- Theatrical release poster
- Directed by: Jeff Balsmeyer
- Screenplay by: Mike Cram
- Produced by: Mike Cram Brian Neufang
- Starring: Dallas Roberts Jeremy Renner Ayelet Zurer Marguerite Moreau
- Cinematography: Geoffrey Hall
- Edited by: Suresh Ayyar Marcus D'Arcy Gavin Whalen
- Music by: Nicola Freegard (music coordinator Howe Gelb (composer: theme music) Gavin Whalen (music editor / music supervisor)
- Production company: Arriba
- Distributed by: Lionsgate
- Release date: February 1, 2009;
- Running time: 85 minutes
- Country: United States
- Language: English

= Ingenious (2009 American film) =

Ingenious (originally titled Lightbulb) is a 2009 American film. It is a rags-to-riches story of two friends, a small-time inventor and a sharky salesman, who hit rock bottom before coming up with a gizmo that becomes a worldwide phenomenon. It is based on the true story of some friends who are trying to come up with an invention, before hitting on an idea.

==Cast==
- Dallas Roberts as Matt, an inventor
- Jeremy Renner as Sam, Matt's lifelong friend and business partner
- Ayelet Zurer as Gina, Matt's wife
- Marguerite Moreau as Cinda
- Amanda Anka as Louisa
- Richard Kind as Newkin
- Eddie Jemison as Bean
- Judith Scott as Rita
- Debby Rosenthal as Brenda
- Michael Kagan as Mort
- Rob Brownstein as Kent
- Vince Grant as Randall
- François Chau as Mr.
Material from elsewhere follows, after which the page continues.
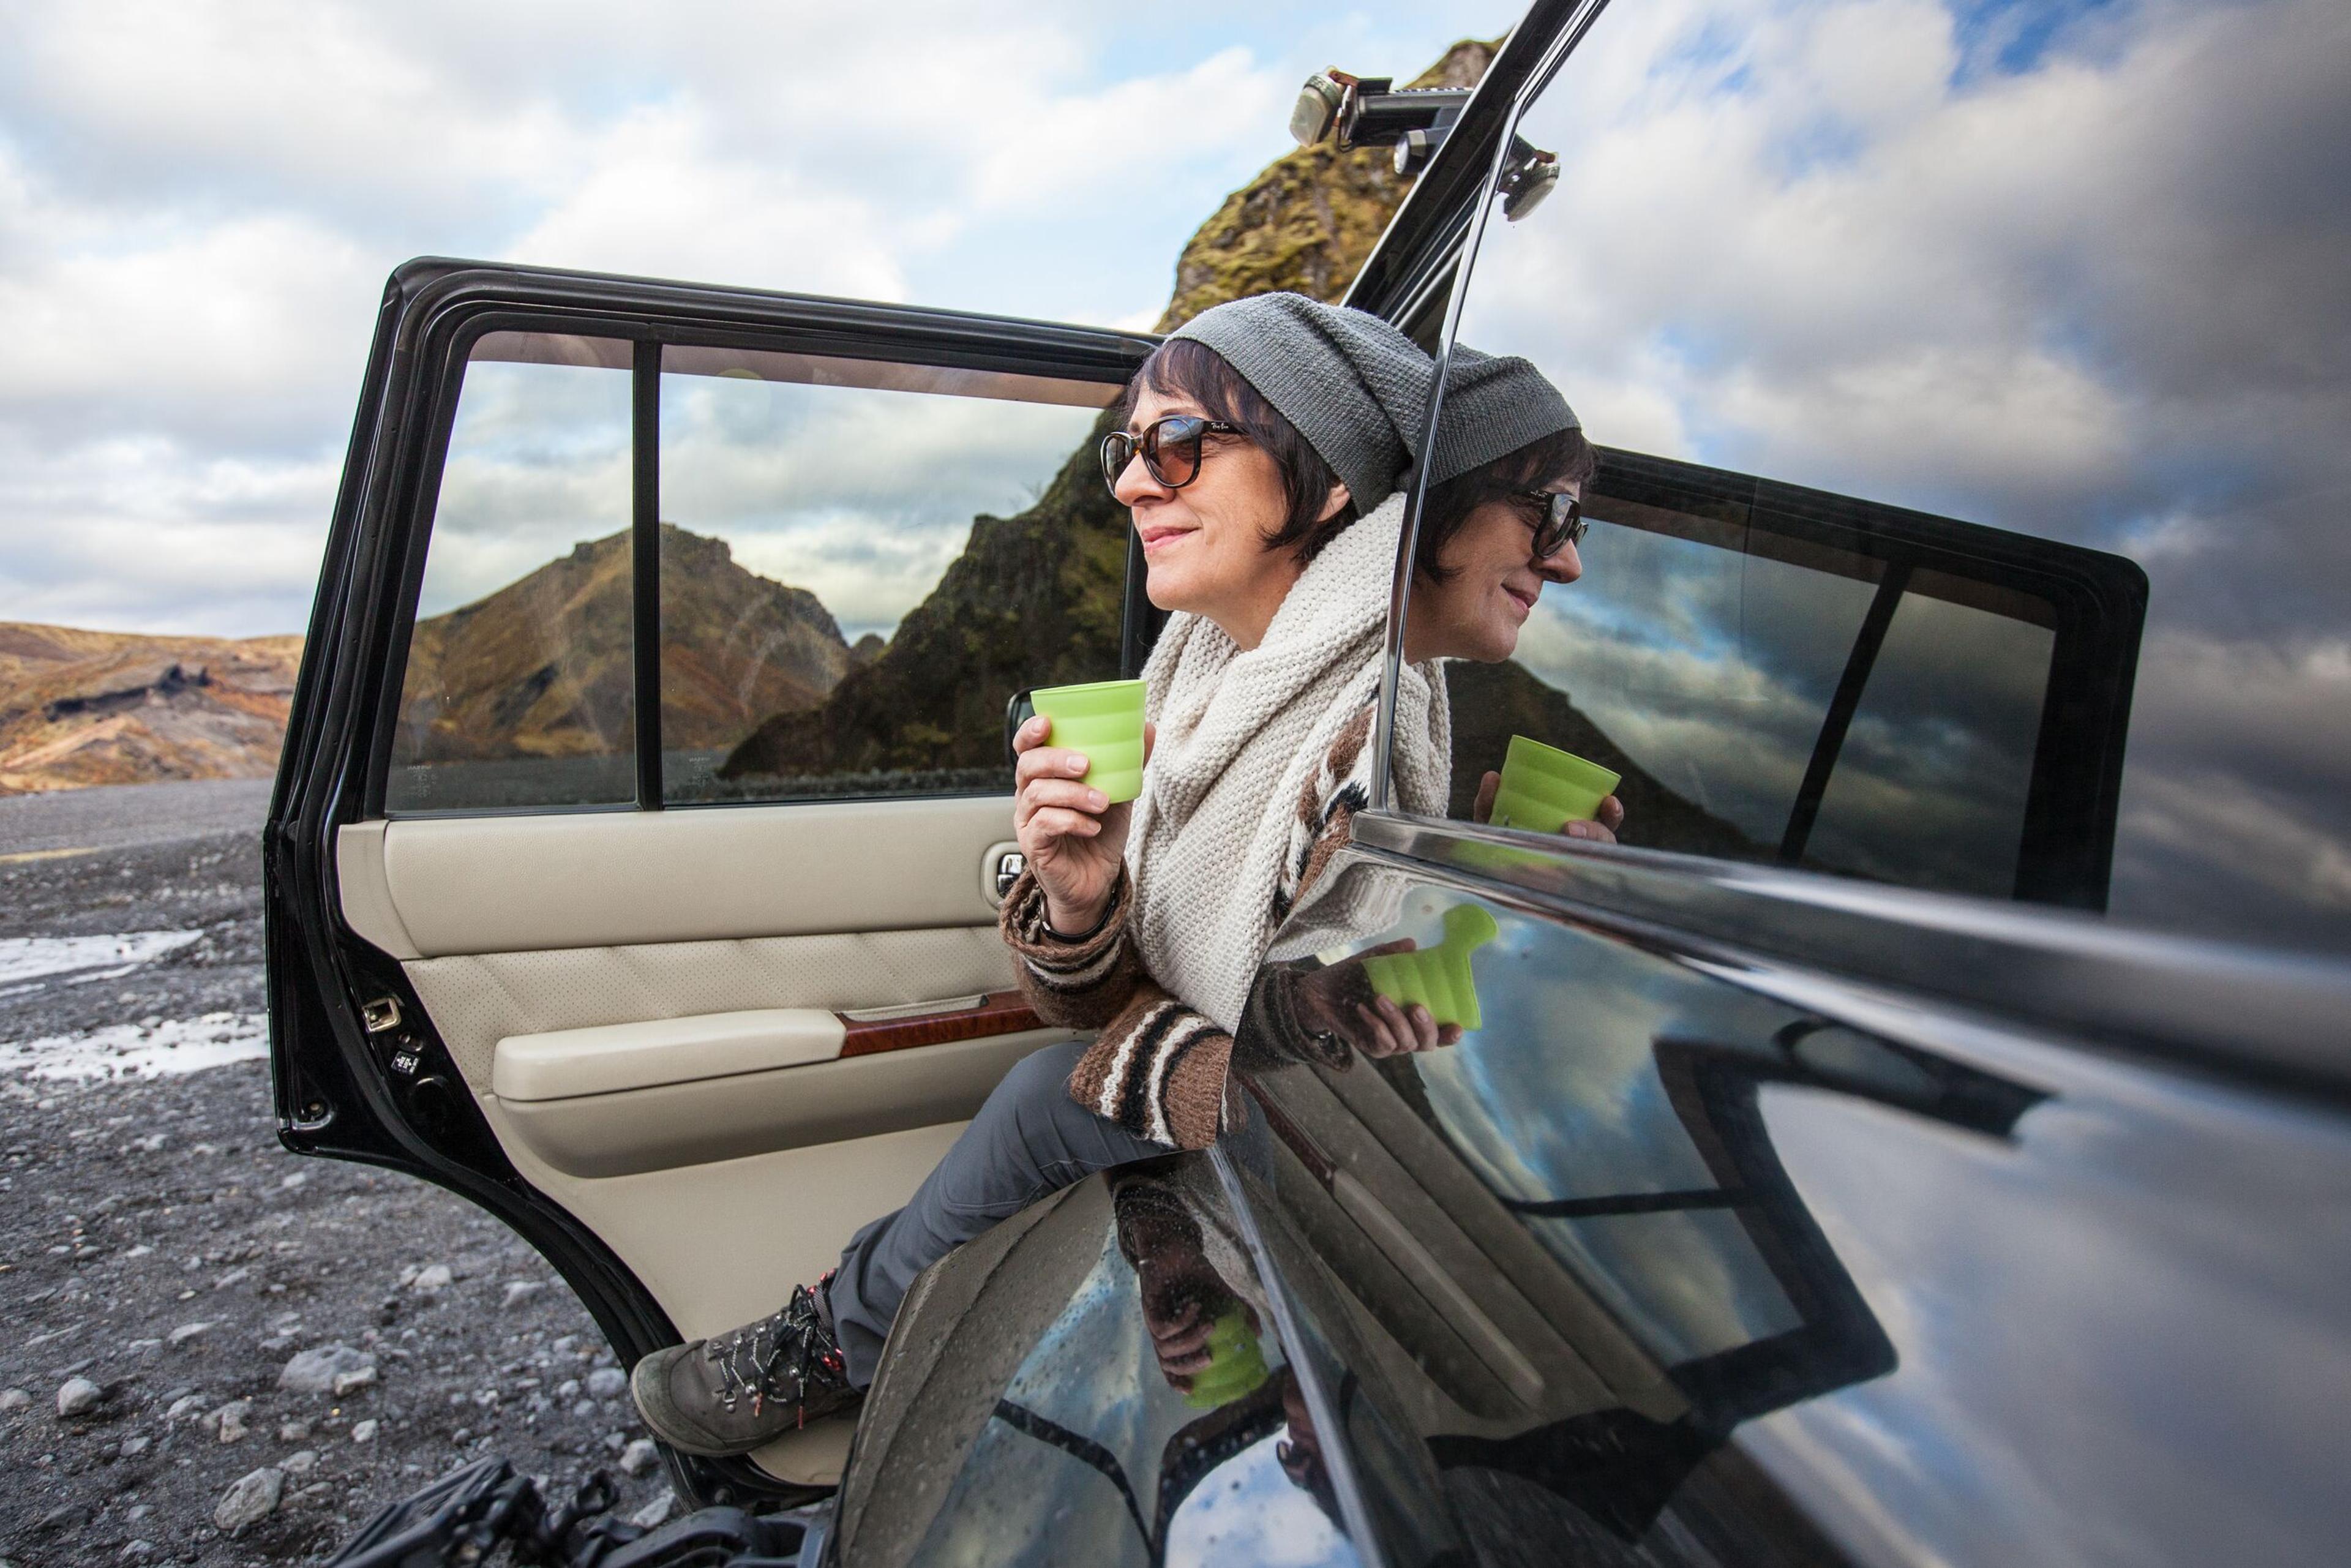 Traveler in sunglasses holding a cup, seated inside a car with the door open, gazing outwards.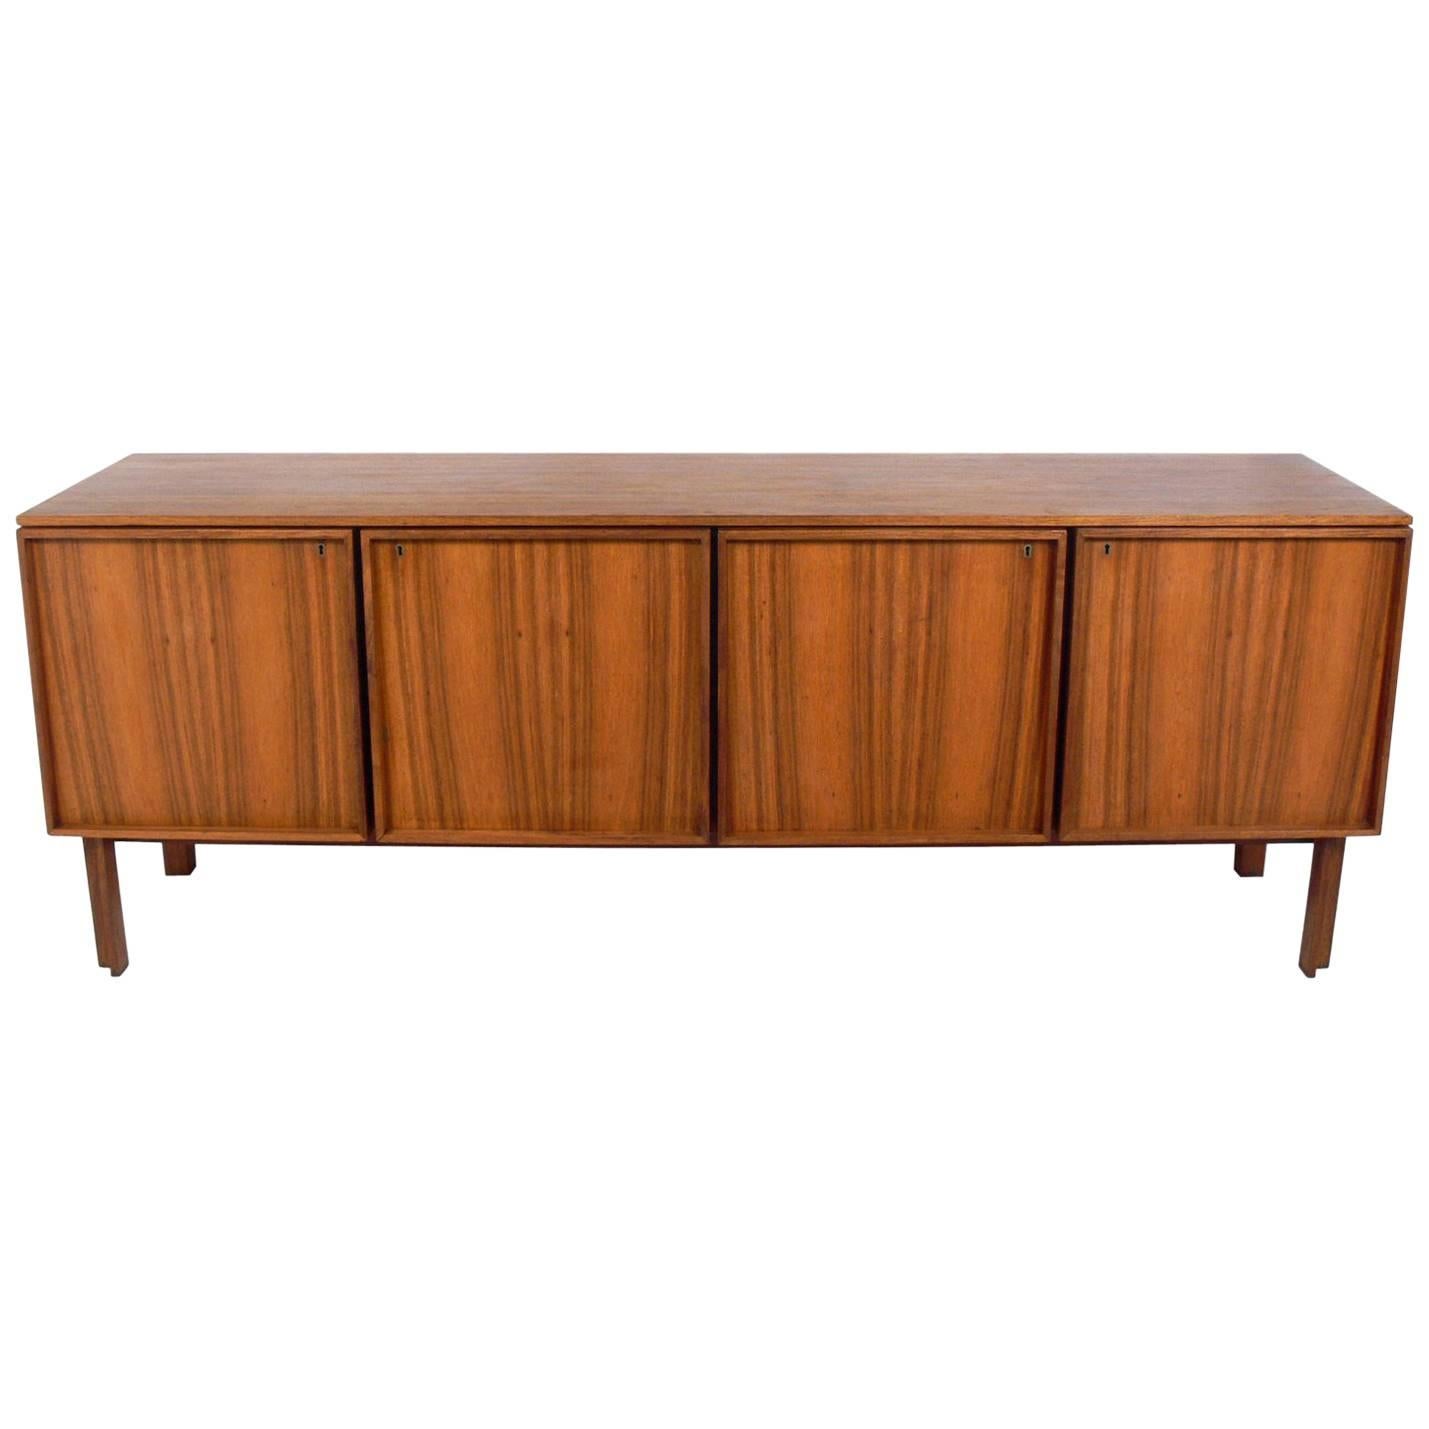 Clean Lined Midcentury Credenza by John Tabraham

Chow

==Production==
The film was shot on location in Tucson, Arizona and Hong Kong. It premiered at the 2009 Santa Barbara International Film Festival.

==Reception==
In 2012, when the film went on release after Renner's success in The Hurt Locker and other films, The Los Angeles Times reviewed it: "the storytelling is wildly uneven, with an off-balance structure that leaves the ending feeling abrupt and rushed. Whatever other Renner B-sides are floating around out there, let’s hope they feel a little more genius than Ingenious."